Task to carry out:
Please reproduce the listing word for word. Pictures stay out.

Data segment:
▼▼▼

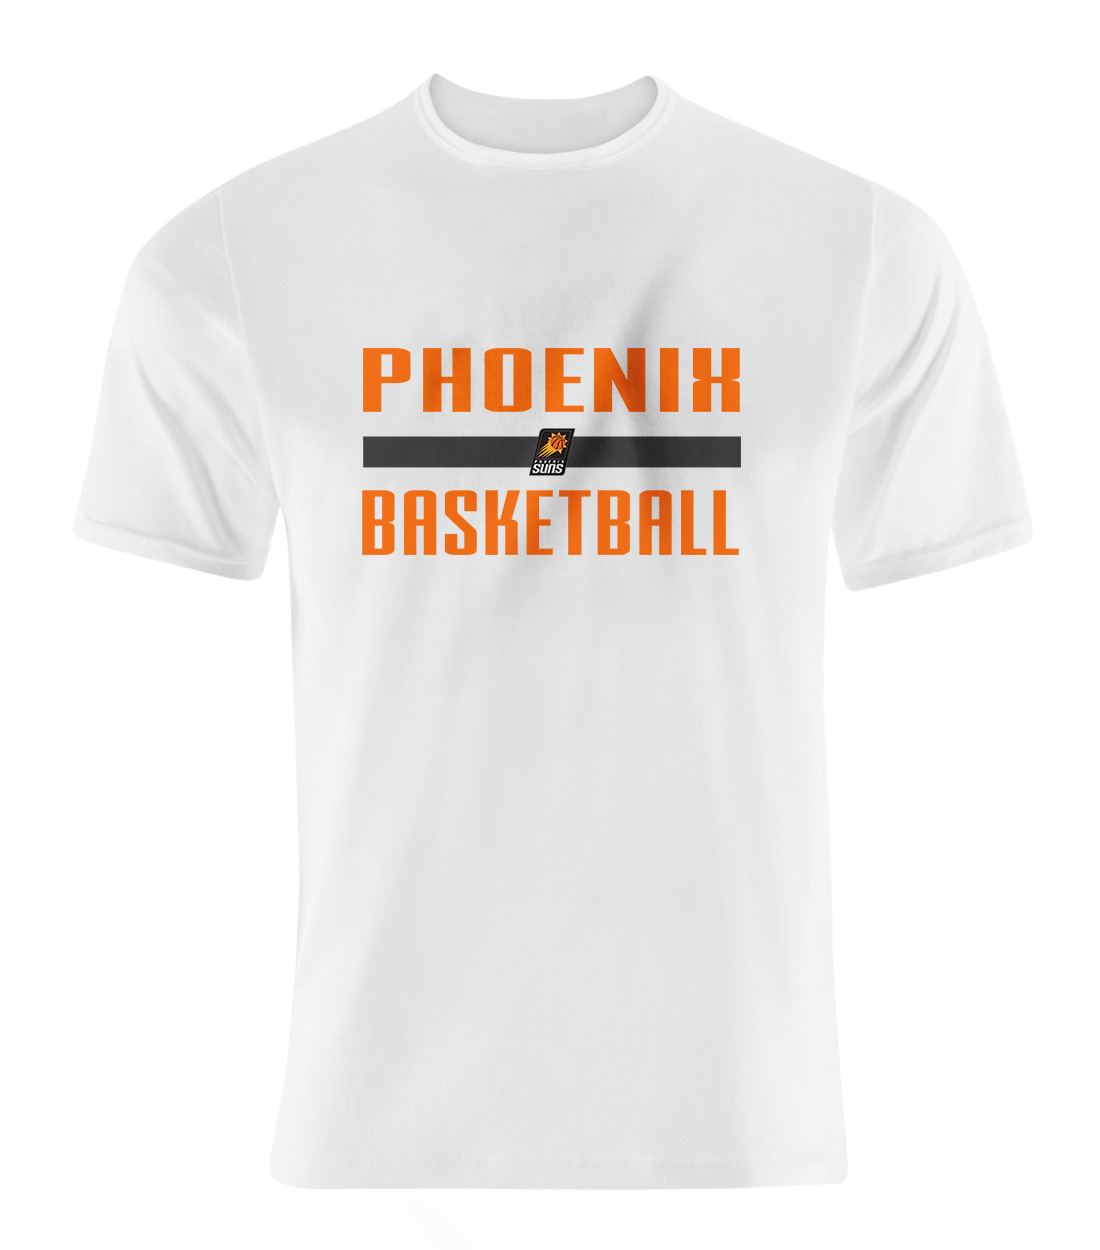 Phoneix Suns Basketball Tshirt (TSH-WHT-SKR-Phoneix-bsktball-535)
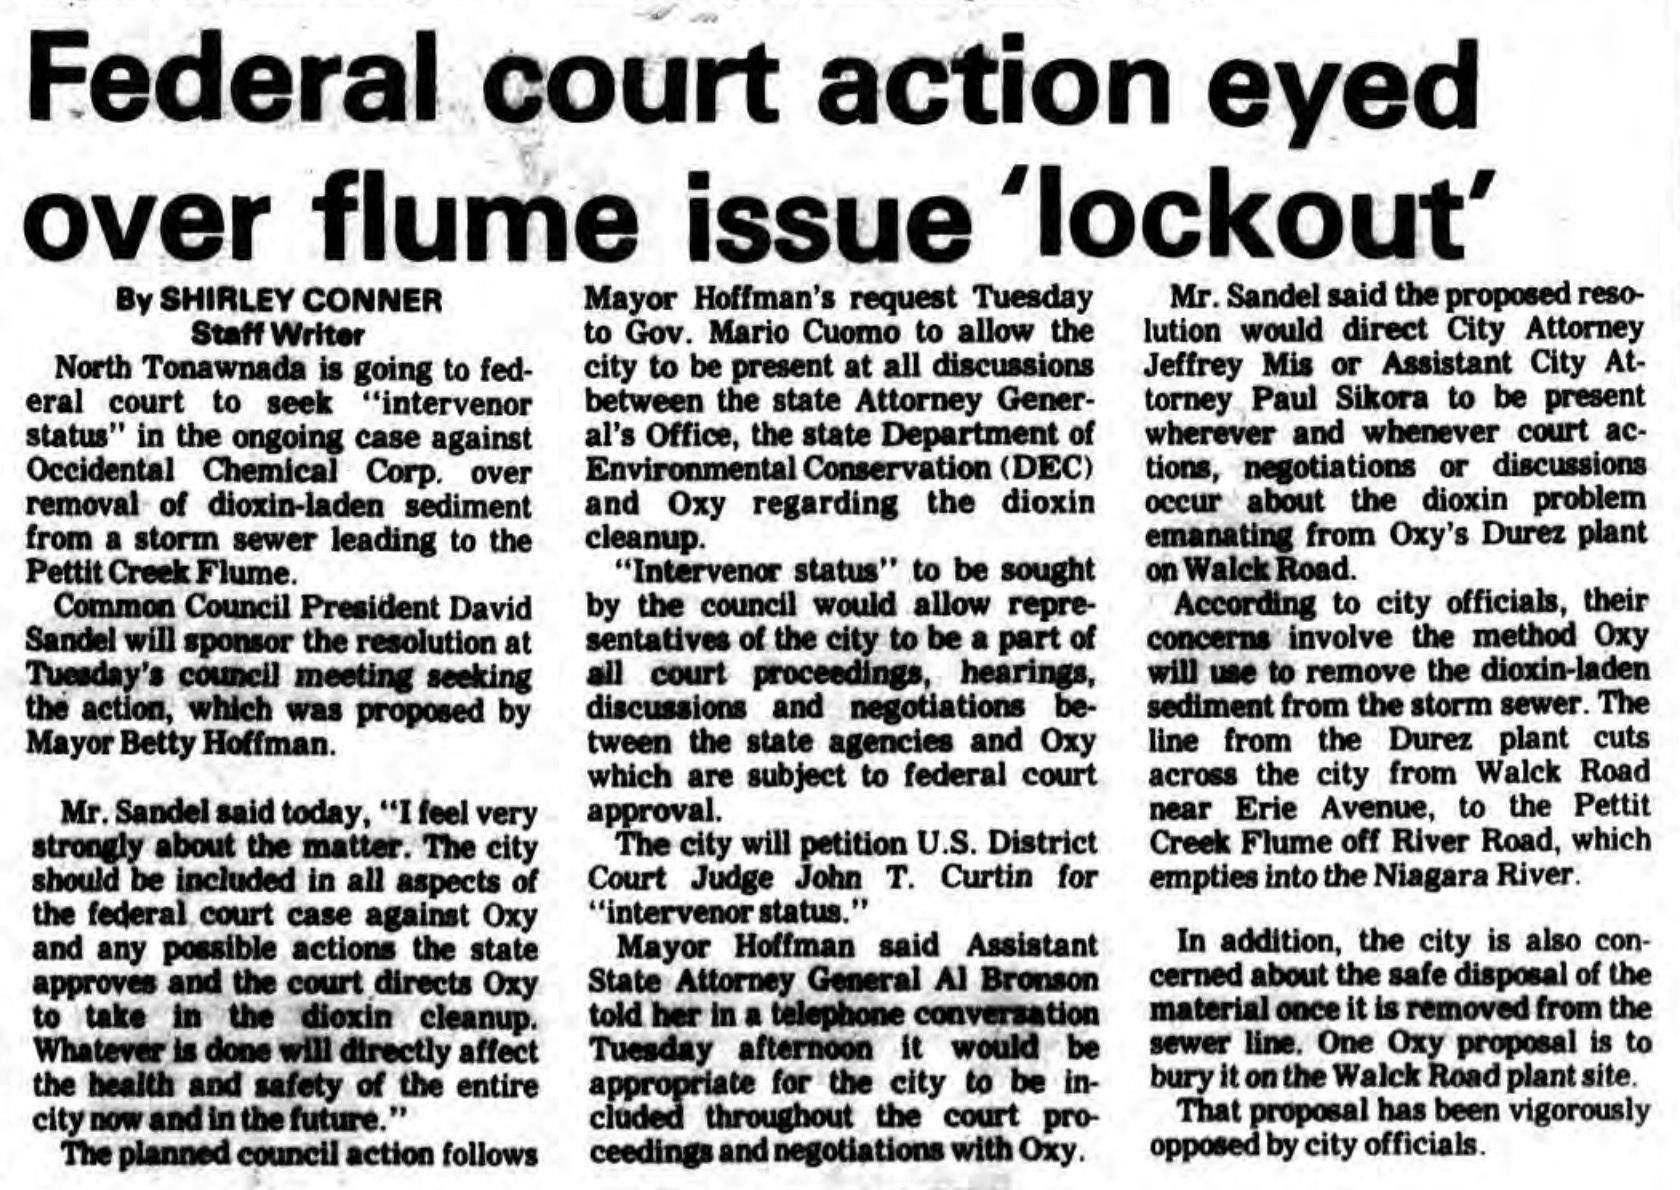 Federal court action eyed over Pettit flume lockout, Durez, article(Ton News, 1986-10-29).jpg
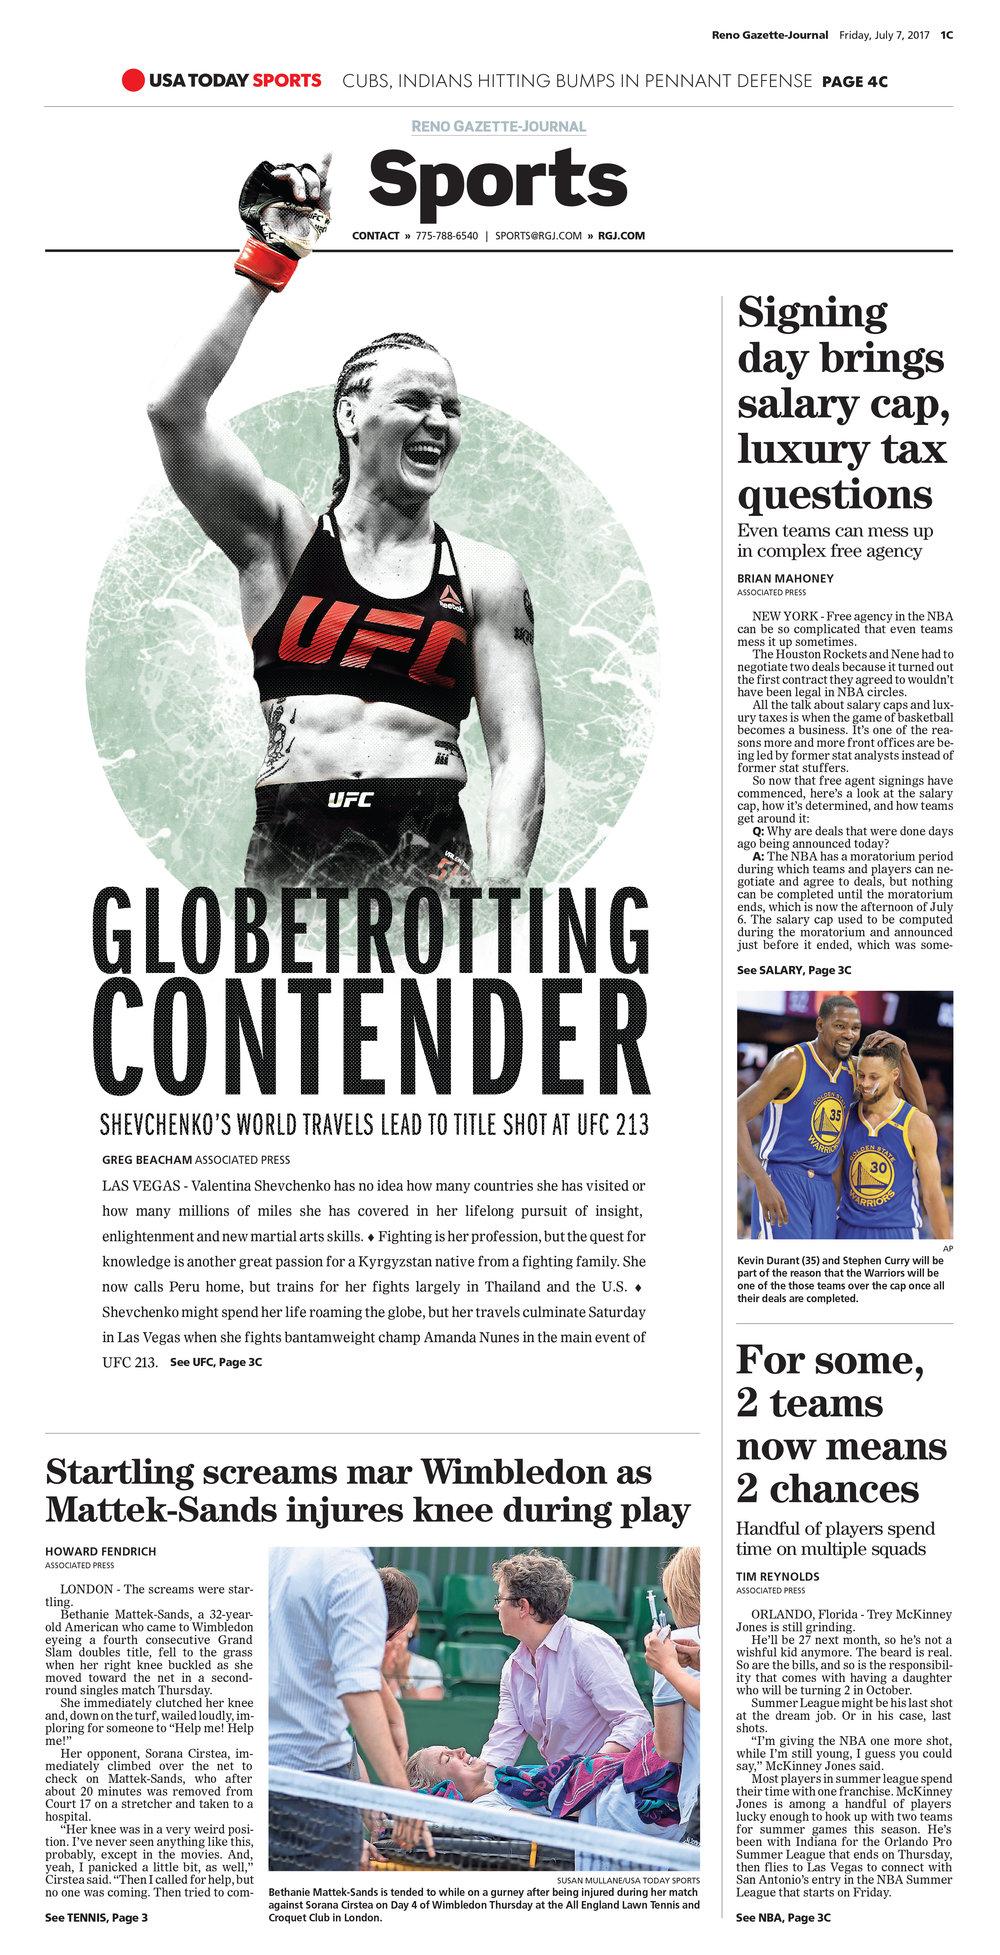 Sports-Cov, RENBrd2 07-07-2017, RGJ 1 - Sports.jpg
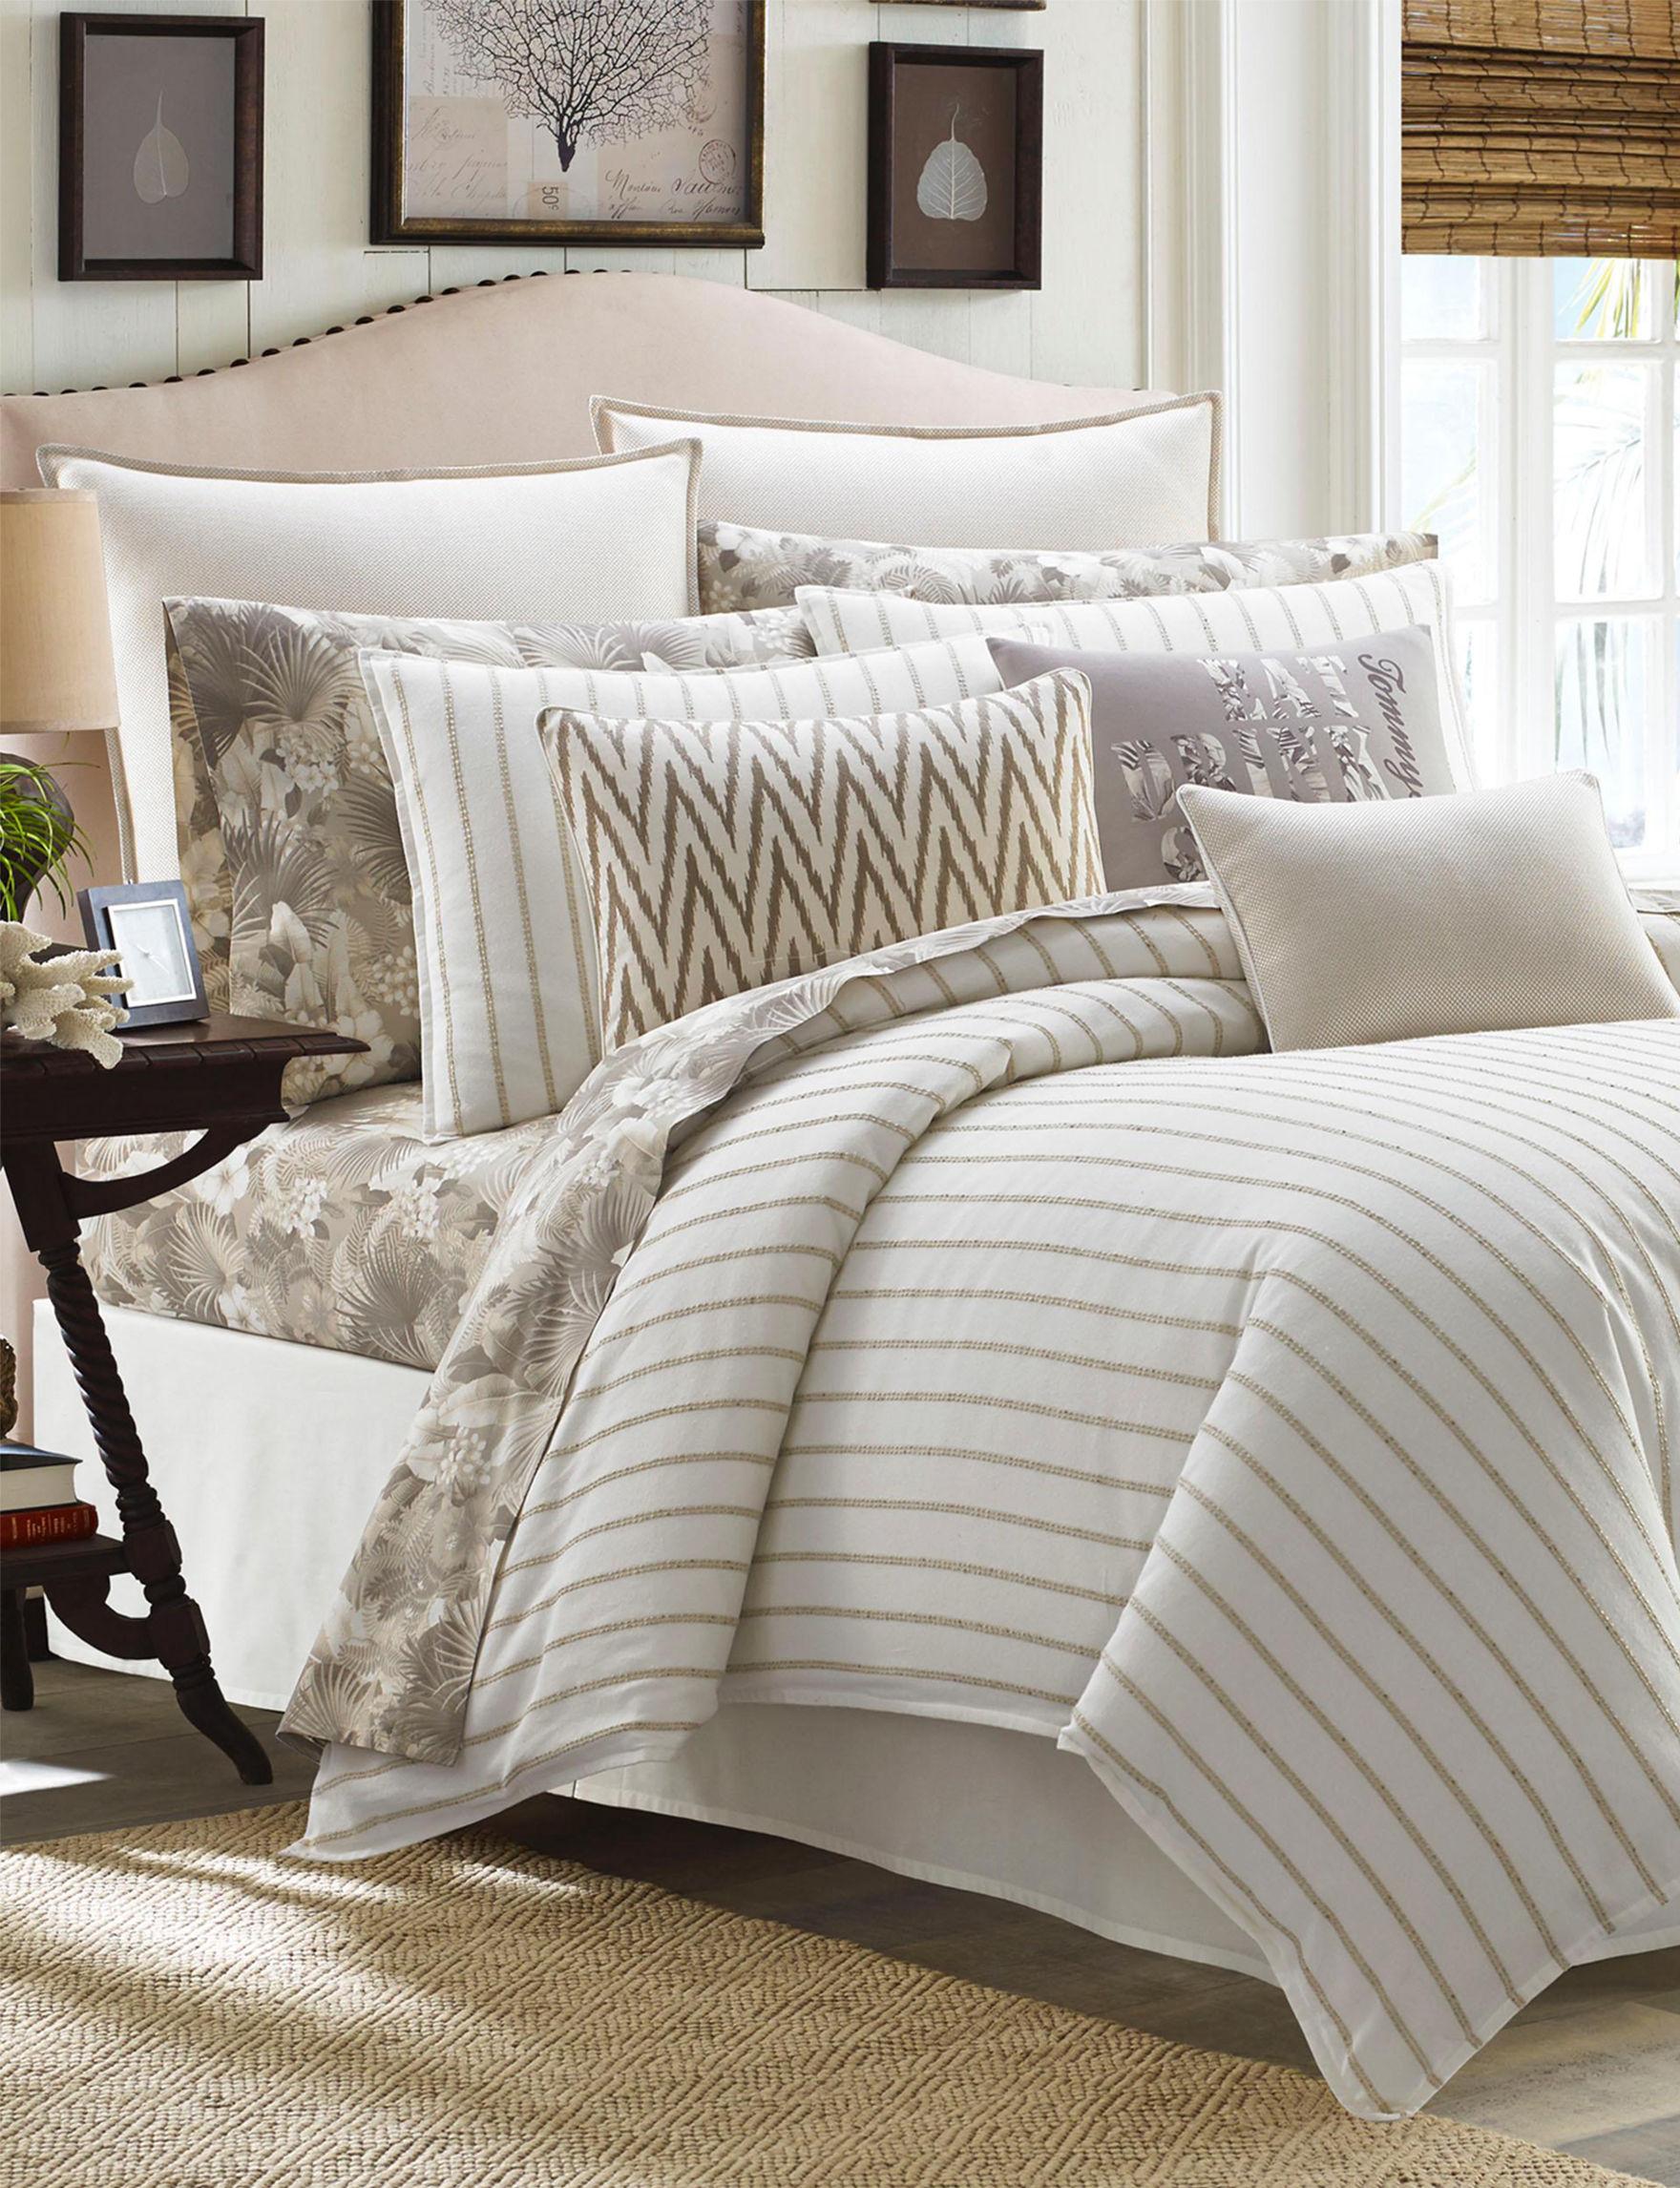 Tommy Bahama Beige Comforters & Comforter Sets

▲▲▲

Output for this exercise:
 Phoneix Suns Basketball Tshirt (TSH-WHT-SKR-Phoneix-bsktball-535)
 Federal court action eyed over Pettit flume lockout, Durez, article(Ton News, 1986-10-29).jpg
 Sports-Cov, RENBrd2 07-07-2017, RGJ 1 - Sports.jpg
 Tommy Bahama Beige Comforters & Comforter Sets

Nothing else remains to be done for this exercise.